Starship Troopers is a satire of fascism so committed to its bit that most audiences missed it entirely on release. Verhoeven modeled the aesthetic directly on Nazi propaganda aesthetics — the uniforms, the fonts, the recruitment ads — and made the heroes simultaneously likeable and completely ideologically hollow. It is deeply weird, genuinely funny in a bleak way, and more relevant now than it was in 1997.

The bug fights are also fun. This movie works on multiple levels.

Where to stream: Peacock, Paramount+

08

The Truman Show (1998)

Directed by: Peter Weir | Starring: Jim Carrey, Ed Harris, Laura Linney

Truman Burbank (Jim Carrey) has lived his entire life inside a TV set. The town is a stage. The weather is controlled. Everyone around him is an actor. He just doesn't know it yet.

The idea is high-concept and the execution is flawless. Peter Weir builds the unreality gradually — little wrongnesses stacking up before Truman starts noticing them — and Jim Carrey gives one of the few genuinely restrained performances of his career. The emotional beats hit harder than you expect a "concept movie" to hit.

It's also one of the clearest early predictions of reality TV, surveillance culture, and parasocial relationship dynamics. All three of those things have gotten much more intense since 1998, which is why The Truman Show keeps getting rediscovered by new audiences.

Ed Harris as Christof is a great villain precisely because he believes he's not a villain at all.

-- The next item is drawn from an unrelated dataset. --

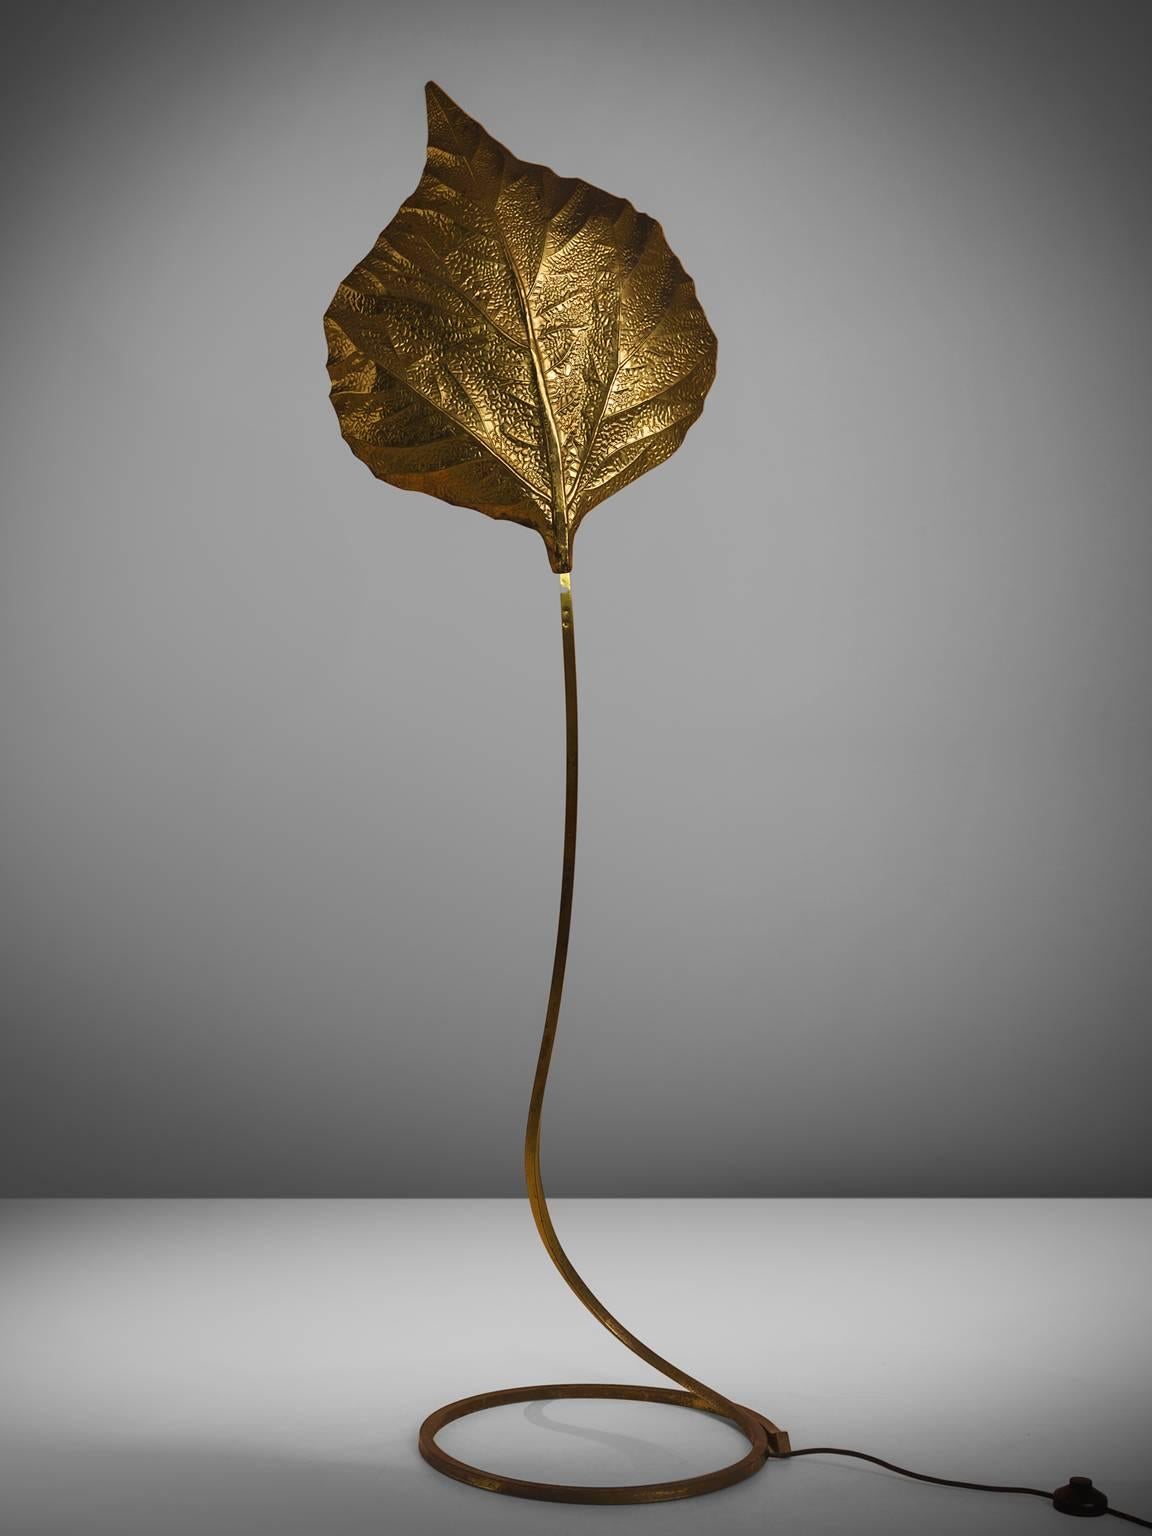 Carlo Giorgi for Bottega Gadda, brass 'rhubarb' leaf lamp, Italy, 1970s

This large single leaf floor lamp is designed by Carlo Giorgi and produced in Italy in the 1970s. This biomorphic, hand-hammered brass floor lamp resembles a large rhubarb

Where to stream: Paramount+

A Few Honorable Mentions

Didn't make the full list but worth knowing about:

  • eXistenZ (1999, Cronenberg) — a video game reality-spiral that out-weirds The Matrix in a lot of ways. Not for everyone.
  • Cube (1997) — low-budget Canadian sci-fi horror. Six strangers wake up in a cube-shaped maze. It's very simple and very effective.
  • Sphere (1998) — based on the Michael Crichton novel, messier than the book, still worth a watch if you like psychological sci-fi.

Where to Start If You Haven't Seen Any of These

Go in this order: The Truman Show, Gattaca, Dark City, The Matrix. That sequence escalates from grounded to fully philosophical and each one prepares you for the next. By the time you hit The Matrix you'll have context for what it was doing that most of its audience didn't have in 1999.

Streaming availability checked June 2026. Services change — confirm before you sit down.